Interestingly, Lobbestael et al. previously reported that protein phosphatase 1 (PP1) interacts with and dephosphorylates LRRK2 in vitro (Lobbestael et al.
2013). However, we did not identify PP1 as a modulator of LRRK2-induced toxicity in our
Drosophila-based phosphatase screen. Instead, we have identified the three components of PP2A, i.e., scaffolding (PP2A-29B), regulatory (wdb) and catalytic (mts) subunits, which are required to form a functional holoenzyme, as genetic modulators of LRRK2 function. Our finding is consistent with a recent report by Athanasopoulos and colleagues who found that LRRK2 is able to interact with all the three subunits of PP2A in cultured cells, and that silencing the catalytic subunit of PP2A by shRNA aggravated cellular degeneration induced by the pathogenic LRRK2 R1441C mutant (Athanasopoulos et al.
2016). Here, we have independently verified the finding by means of a different approach using an in vivo model system. Importantly, we have demonstrated the relevance of PP2A in DA neurons expressing the LRRK2 G2019S transgene. Moreover, we showed that treatment of LRRK2-mutant flies with fingolimod, a drug that is currently being used to treat multiple sclerosis, ameliorates their disease-associated phenotypes but otherwise has no apparent effects on the climbing performance of control flies. All the compounds tested also have no overt effects on other DA neuronal cluster examined except for PPL1, which they exert a positive effect. In the presence of PP2A overexpression, we found that LRRK2 phosphorylation at Ser-1292 is reduced, which suggests a mechanism for how PP2A may regulate LRRK2 activity. This is consistent with a recent report demonstrating that Ser1292 dephosphorylation is mediated by phosphatases that are sensitive to calyculin A (PP1) and okadaic acid (PP2) (Reynolds et al.

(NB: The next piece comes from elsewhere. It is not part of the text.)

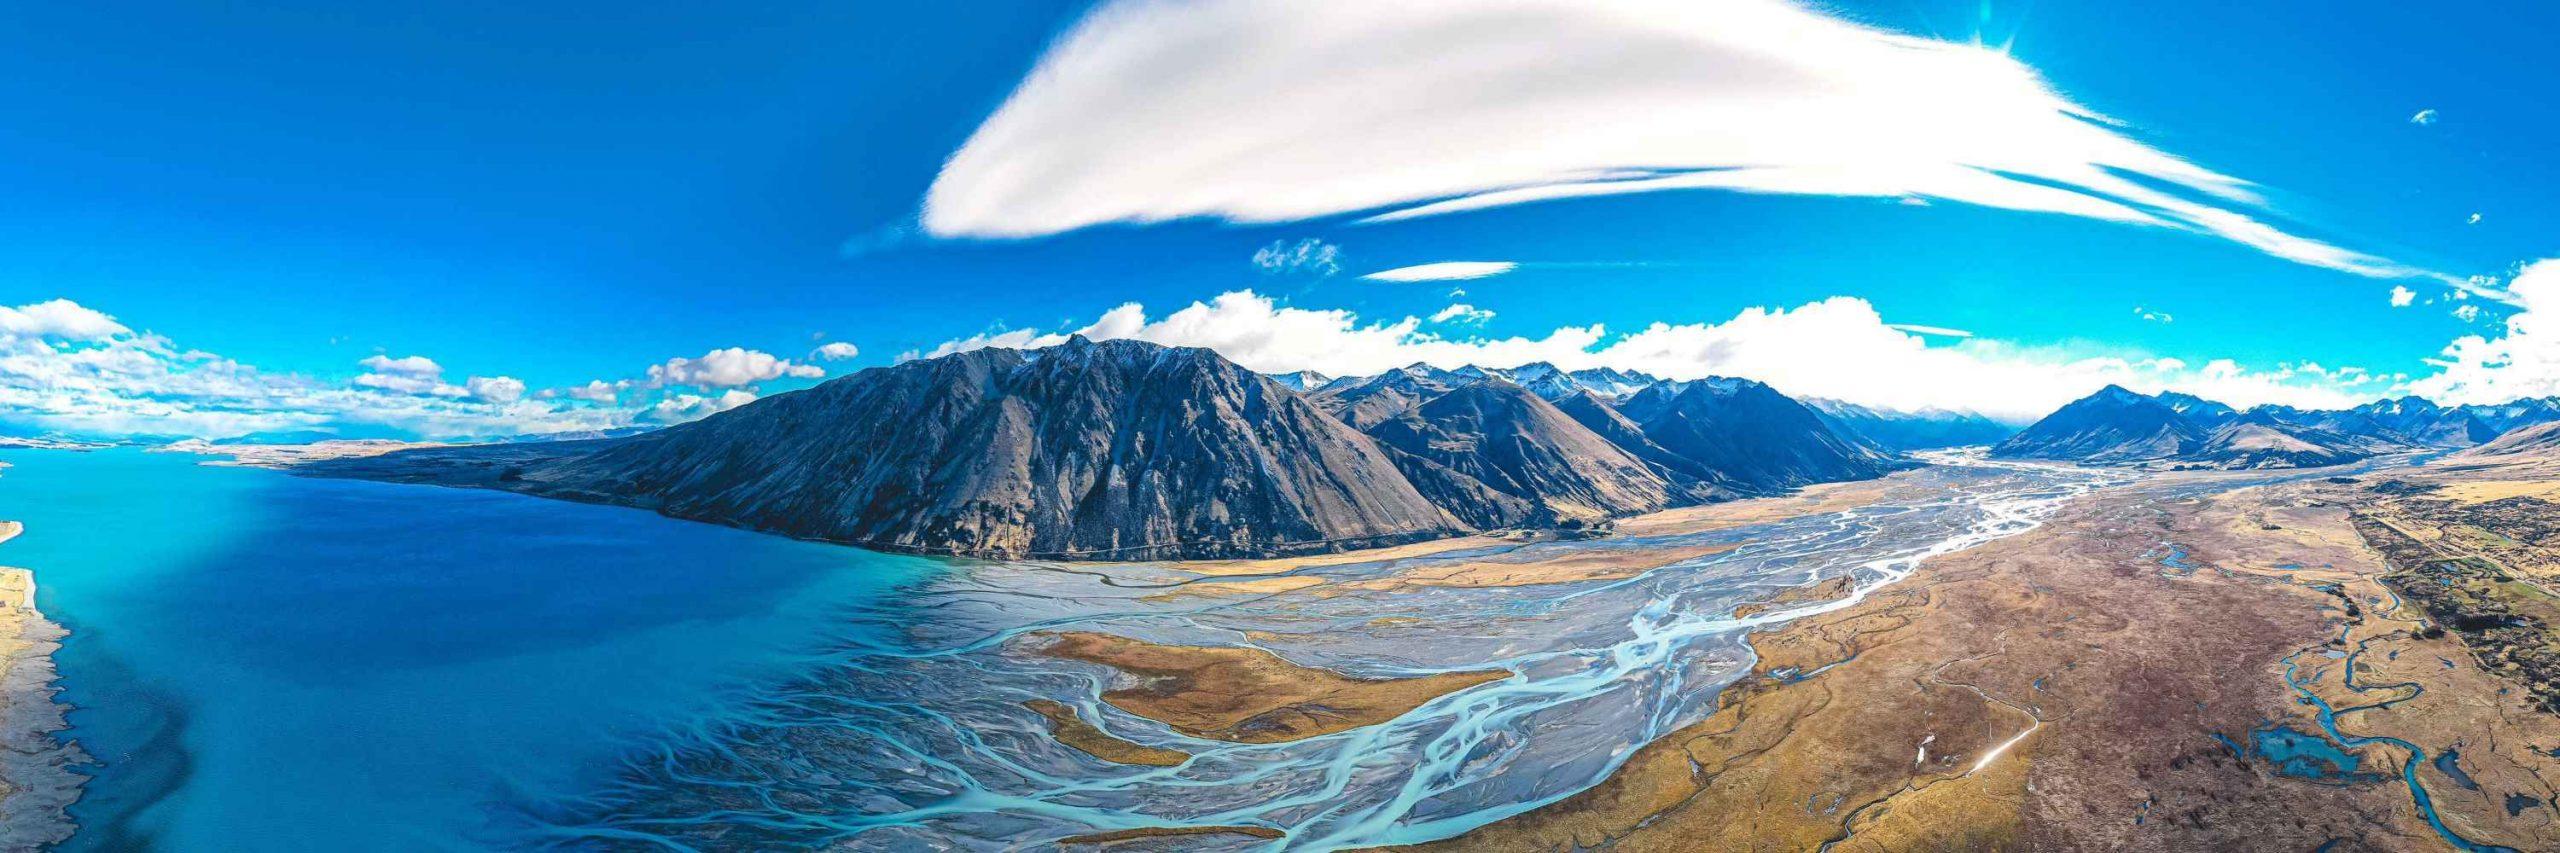 NZ Lake tekapo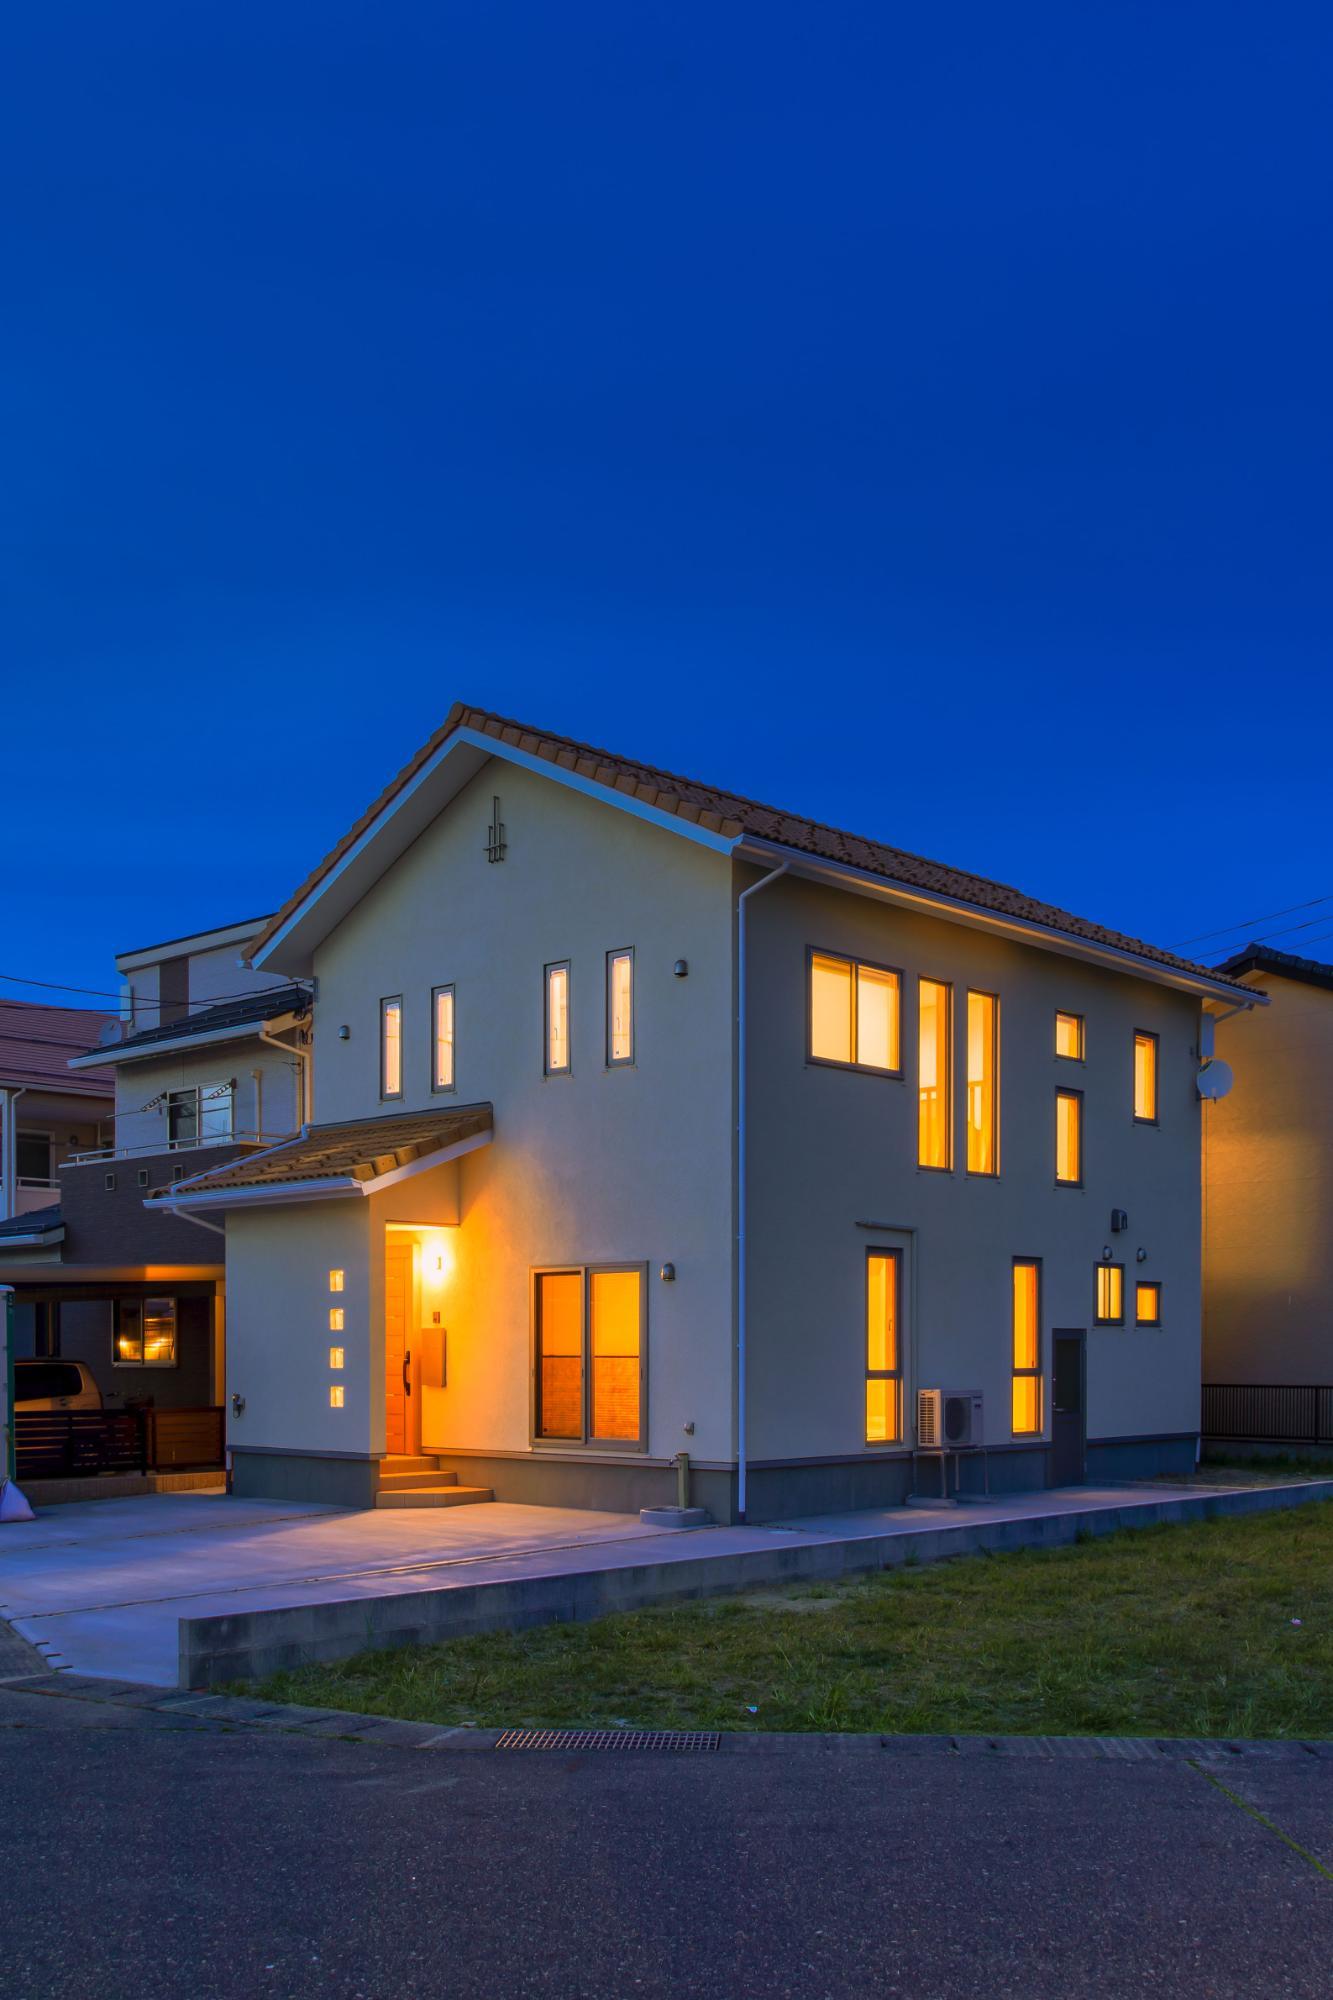 家族が元気に暮らせる省エネの家の写真2

2014). At the same time, we also found that S6K, a reported PP2A substrate (Bielinski and Mumby
2007; Hahn et al.
2010), functionally interacts with LRRK2. In the presence of LRRK2, S6K phosphorylation is enhanced, although we do not know if their relationship is direct or indirect. Notwithstanding this, given that LRRK2-mediated enhancement of protein translation is thought to underlie its neurotoxicity (Imai et al.
2008; Martin et al.
2014a), it is perhaps not surprising to note that the modulation of S6K activity, which normally promotes protein synthesis via the phosphorylation of ribosomal S6, can influence LRRK2 actions. Notably, the ribosomal protein s15 was recently identified as a key pathogenic substrate of LRRK2 (Martin et al.
2014b). Whether PP2A can reverse the phosphorylation of s15 by LRRK2 is unclear but would undoubtedly be an important question to address. Another area worth investigating is the potential relationship between LRRK2-induced enhancement in protein synthesis and mitochondrial dysfunction, particularly in view of our finding that S6K inhibition can rescue the abnormally enlarged mitochondrial size in DA neurons of LRRK2 mutant flies. It is tempting to speculate that the TOR pathway, which coordinates protein synthesis and mitochondrial activity, may help to connect the dots. Indeed, rapamycin-mediated inhibition of mTOR was reported to rescue the pathological phenotype of LRRK2 flies (Tain et al.
2009). Moreover, Penny and colleagues recently showed that the TOR pathway is involved in the regulation of synaptic homeostasis by LRRK2 in
Drosophila neuromuscular junction (Penney et al.
2016). Interestingly, the authors further found that LRRK2 collaborates with S6K to promote synaptic enhancement of neurotransmitter release at the neuromuscular junction. It is noteworthy to mention that mTOR-mediated phosphorylation of S6K at Thr-389 is pivotal for its activation (Burnett et al.
1998). This is the same site that we have observed to exhibit enhanced phosphorylation (for p70 S6K) in the presence of LRRK2. Clearly, future studies should be conducted to unravel how the various components linked to LRRK2 pathways converge on impairing protein synthesis and mitochondrial function to bring about pathogenic outcomes.